7 erreurs à ne pas commettre pour les repas de fête
18/12/15 à 18:49 par ALEXANDRE (Stéphanie)

Foie gras, saumon fumé, huîtres... En cette période de fêtes de fin d'année, il n'est pas toujours facile de distinguer les bons produits des contrefaçons. Les conseils à suivre avant de faire ses courses pour réaliser son dîner de Noël et du jour de l'an.

Les fêtes de fin d'année restent des moments importants pour la majorité des Français. Pour 2015, ils prévoient de débourser 184 € en moyenne pour le repas de Noël, un budget à peine plus élevé que l'an dernier selon une récente étude du cabinet Deloitte. Pour les dépenser agréablement, voici les 7 conseils donnés par la Direction générale de la Consommation, de la Concurrence et de la Répression des fraudes (DGCCRF).

Gare au foie gras sans foie

Incontournable des fêtes de fin d'année, le foie gras figure dans la plupart des repas de Noël et du jour de l'an. Il doit provenir exclusivement d'oies ou de canards mâles gavés de façon à provoquer, chez l'animal, une stéatose hépatique (ce qui signifie que les cellules du foie se chargent en graisse, notamment en triglycérides).

Si certains produits sont fabriqués avec du foie gras, comme unique matière première, qu'ils soient vendus entiers ou en bloc, d'autres n'en contiennent que très peu. C'est le cas notamment des "mousses de foie d'oie ou de canard ", préparations contenant seulement 50 % de foie gras mélangés à une farce et un assaisonnement.

Les "truffes fantaisie", le chocolat sans fantaisie

L'appellation "truffe" ne peut s'appliquer qu'à une spécialité au chocolat dans laquelle les matières grasses proviennent exclusivement de chocolat ou de cacao et de produits laitiers. L'incorporation de matières grasses végétales en tant que telles entraîne obligatoirement l'appellation "truffes fantaisies", souligne la Répression des fraudes.

Quant aux chocolats, le critère déterminant est la teneur minimale en cacao. L'information doit figurer obligatoirement sur l'étiquetage. L'addition de matières grasses végétales autres que le beurre de cacao est autorisée à hauteur de 5 %.

Tous les vins mousseux ne sont pas des champagnes

En cette période de Noël et des fêtes de fin d'année, on cherche un bon champagne pour ses convives. Mais certains fraudeurs n'hésitent à faire passer des bouteilles de vins mousseux - dont l'étiquette a été enlevée et remplacée par une fausse étiquette ou sans marque - en vue de le revendre au prix du vrai champagne ! La seconde précaution consiste à s'interroger dès que le tarif proposé est très bas.

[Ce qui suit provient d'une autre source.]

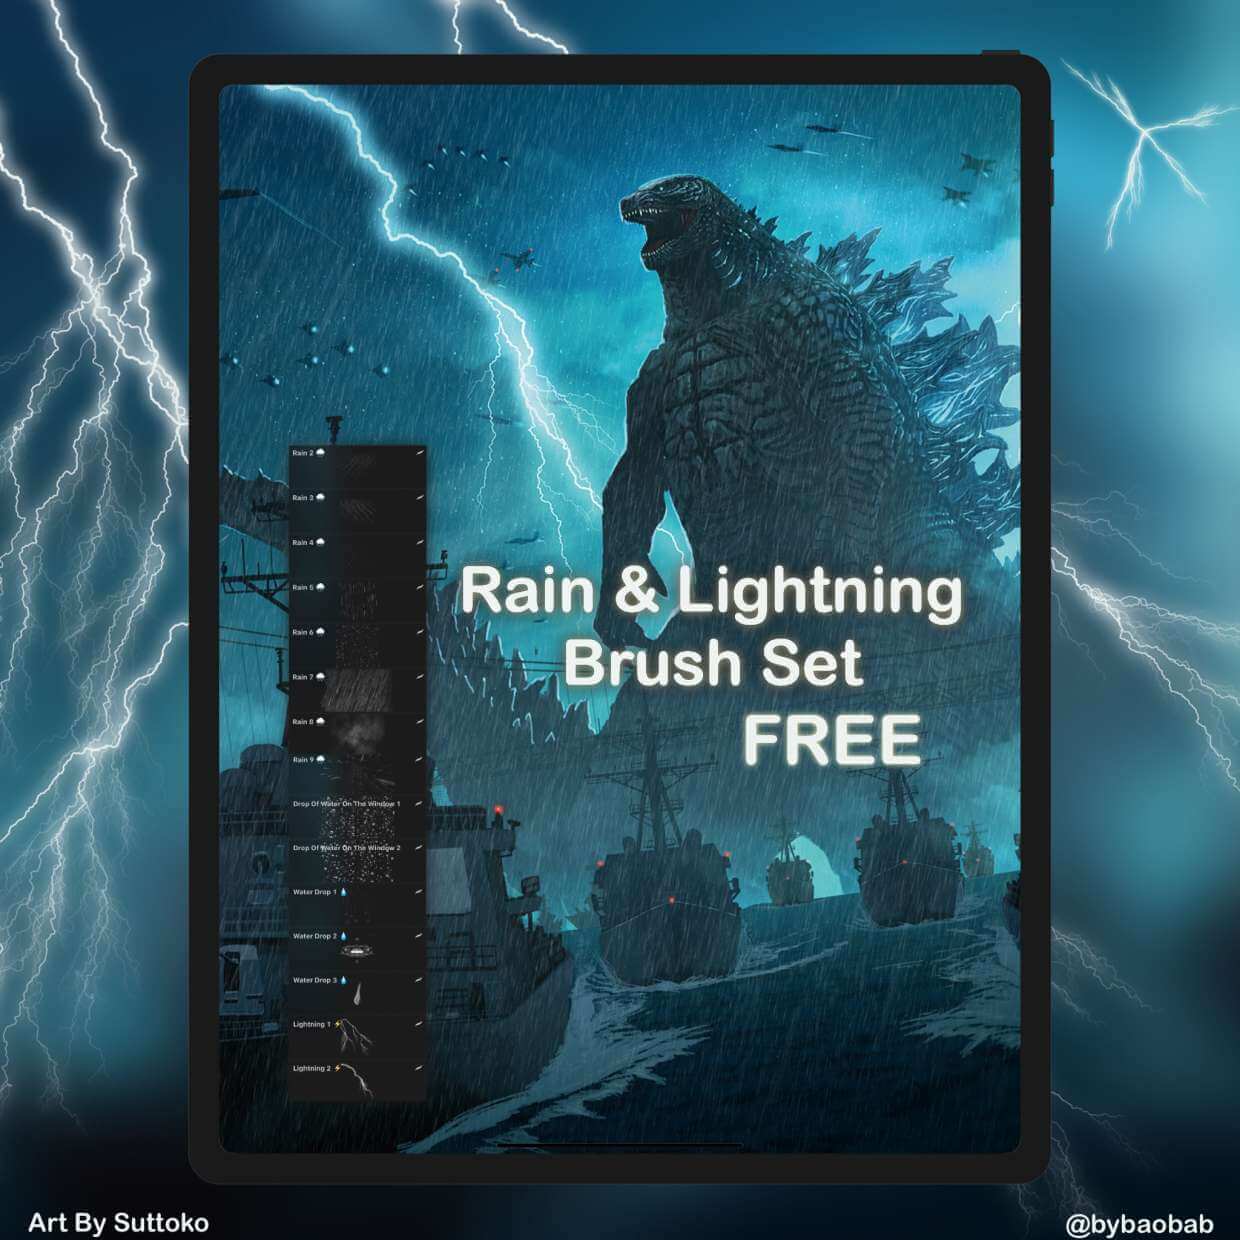 FREE Rain & Lightning Brush Set! - Free Brushes for Procreate

Repérer le saumon transpirant

Ces dernières années, les ventes de saumon fumé ont beaucoup augmenté en grandes surfaces et les périodes de fin d'année ne représentent plus qu'une petite moitié du débit annuel. Si la consommation de ce produit s'est démocratisée, le saumon fumé de bonne qualité reste encore un produit onéreux.

Ceux qui optent pour des produits vendus préemballés doivent se méfier des emballages sous‐vide qui ne sont pas conservés dans des enceintes réfrigérées. Le saumon fumé se conserve entre 0 et 4°. La Répression des fraudes recommande d'éviter les emballages mous dans lesquels le poisson sue. Lorsque des gouttelettes apparaissent, le saumon est trop chaud, c'est le signe qu'il est conservé dans de mauvaises conditions.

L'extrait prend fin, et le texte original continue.